22 Pistepirko rockten mit Drums, Keys und Gitarre auf einer mit Samples,
Effekten und Beats gespickten Retrowelle, ein satter Sound, der durch die
Art der Musiker auf der Bühne einen fast mystischen Touch bekam. Der
Keyboarder wiegte seinen Körper mit schiefliegendem Kopf über
seiner Tastatur, wie eine Gottesanbeterin im Liebestanz, der Gitarrist
machte insgesamt keine Bewegung zu viel und der Drummer haute den Beat
so präzise auf seinen Fellen, als sei er per Schnittstelle mit irgendeiner
Beatbox verkabelt.
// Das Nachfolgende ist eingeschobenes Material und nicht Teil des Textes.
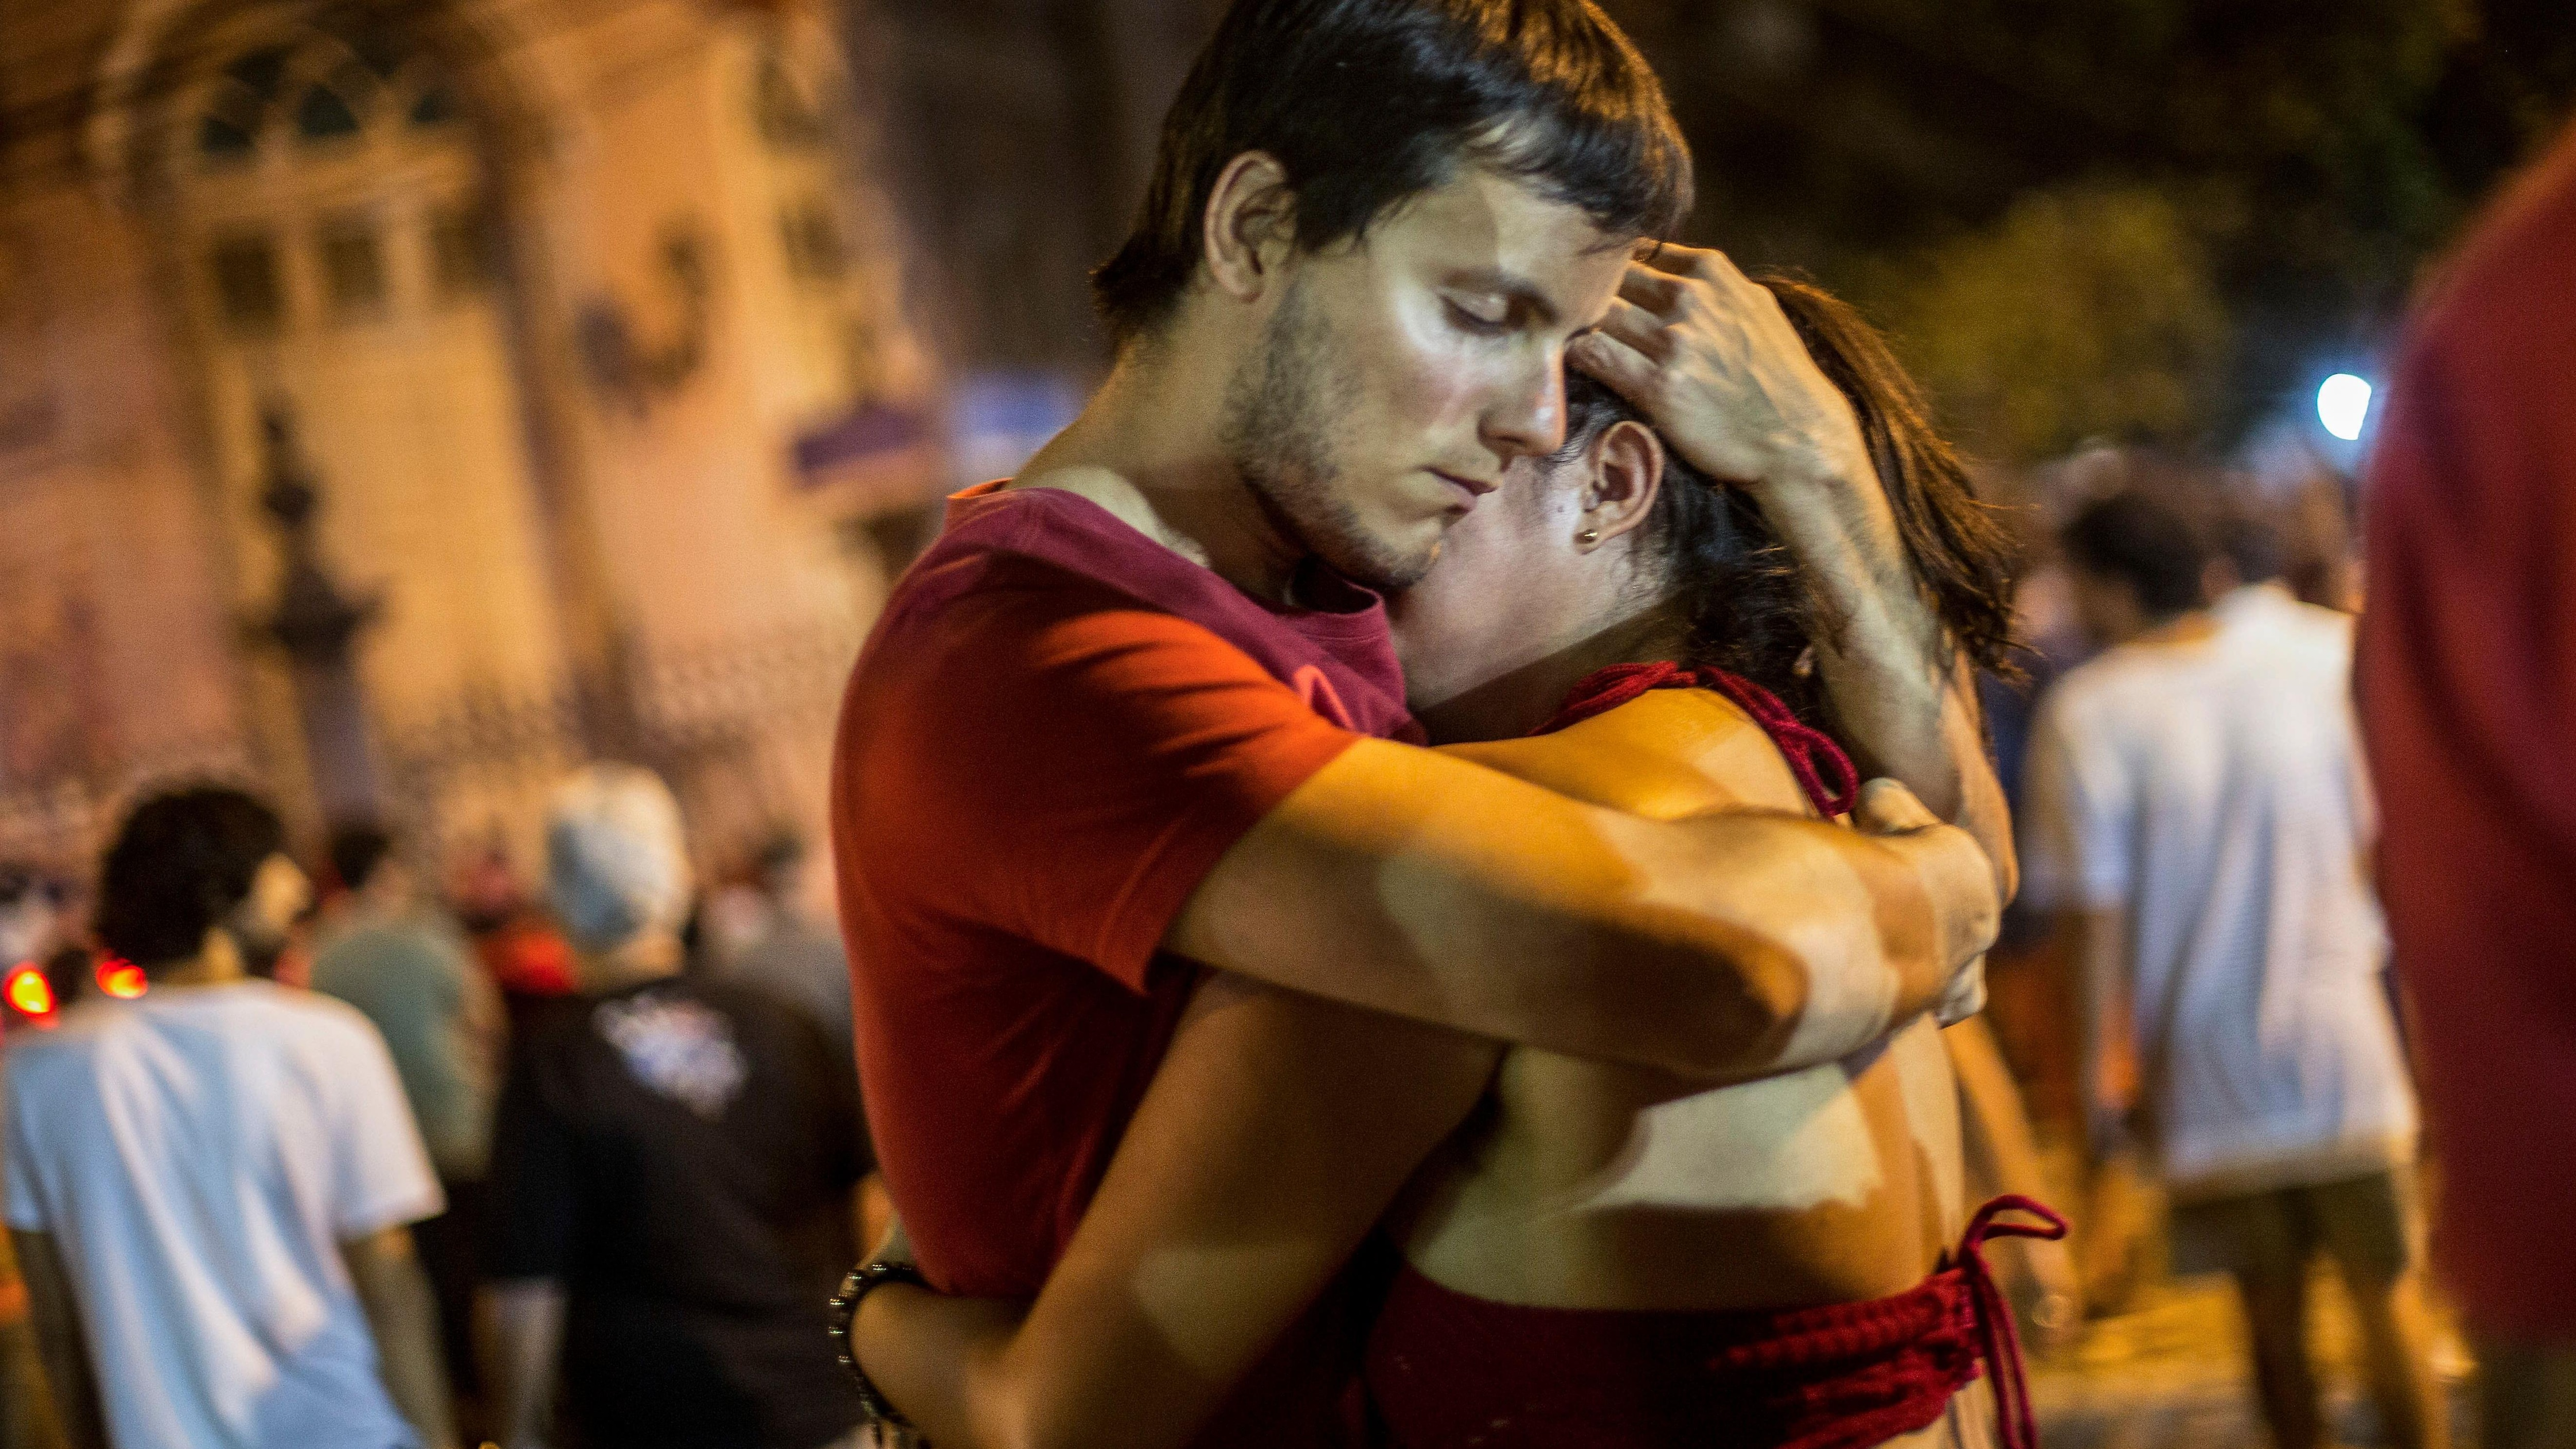 Un couple de partisans du candidat du Parti des travailleurs, Fernando Haddad, s'enlacent après l'annonce de la victoire de M. Bolsonaro, à Rio de Janeiro, le 28 octobre 2018.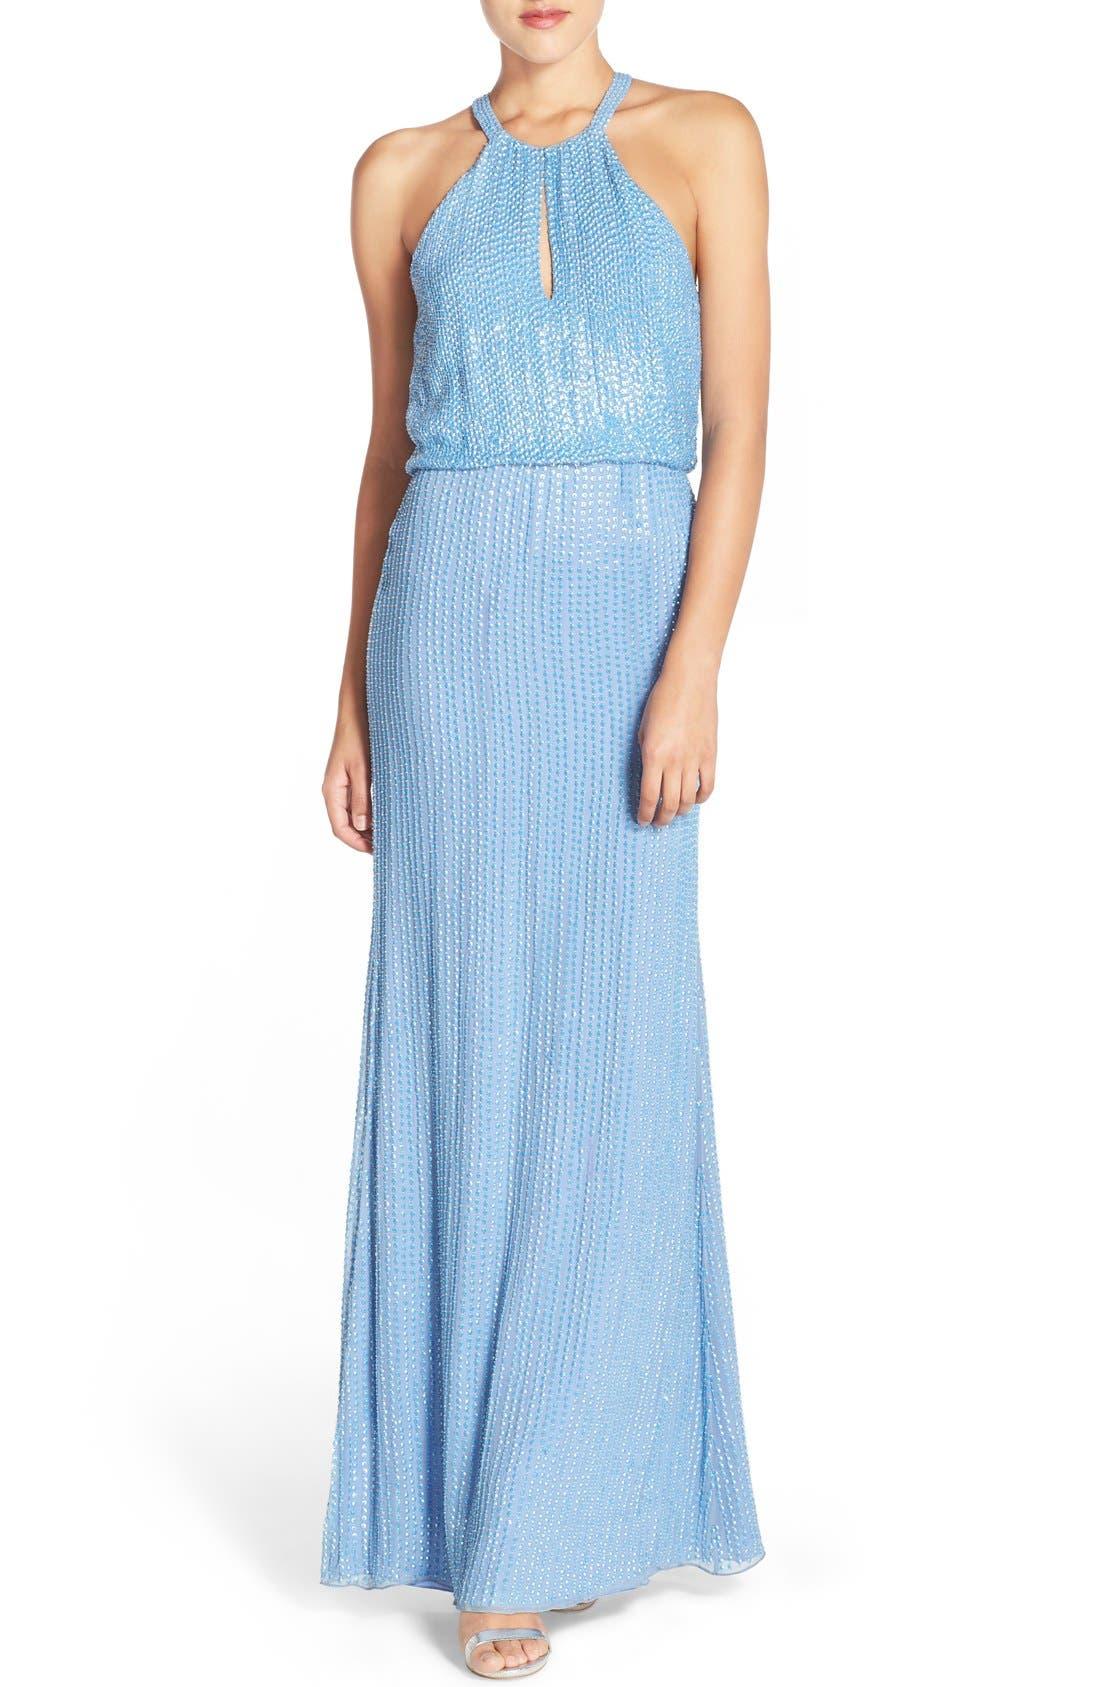 Alternate Image 1 Selected - Parker 'Marceline' Beaded Blouson Gown

Manchmal brachte die Musik einen Touch von Velvet Underground
rüber, aber auch andere Bands der Ära ließen sich bei 22
Pistepirkos Sound wiederfinden, wenn mensch denn wollte.

Primär geht es hier aber um Plexiq, dem zweiten Act an dem Abend.
Sie kommen in einer fast klassischen Rockbesetzung: Schlagzeug, Bass, Keyboards,
Vocals…. aber die Gitarre fehlt, sie wird, wenn der Sound ‘mal benötigt
wird, per Sample ersetzt. “Autsch”, sagt da jetzt bestimmt der
eine oder andere “Purist”, oder wie sich die Leute nennen, die
gern musikalische Schubladen aufmachen. Kann er ruhig sagen und gleich
mit der Laubsäge und die für Plexiq passende Schublade zimmern,
denn finden wird er keine fertige. “Handgemachte Housemusik”,
“Elektronik meets Rock”, “Drum ‘n’ Bass mit Discotouch”,
ich weiß es nicht, auf jeden Fall ist es live, wie von Tonträger
eine Musik, die abgeht und in sich viele Elemente, Zitate und Techniken
Verschiedener Stilrichtungen trägt.

Das wichtigste an Plexiqs Soundkonzept ist wohl, daß der Mann
am Mischpult mit seinen Reglern und Effektgeräten zu einem weiteren,
voll in den Fluß der Musik integrierten Bandmitglied geworden ist.
Seine Mischtechnik, die eingespielten Samples und die eingeschliffenen
Effekte sind schon jetzt ein tragender Teil des Sounds der Kombo.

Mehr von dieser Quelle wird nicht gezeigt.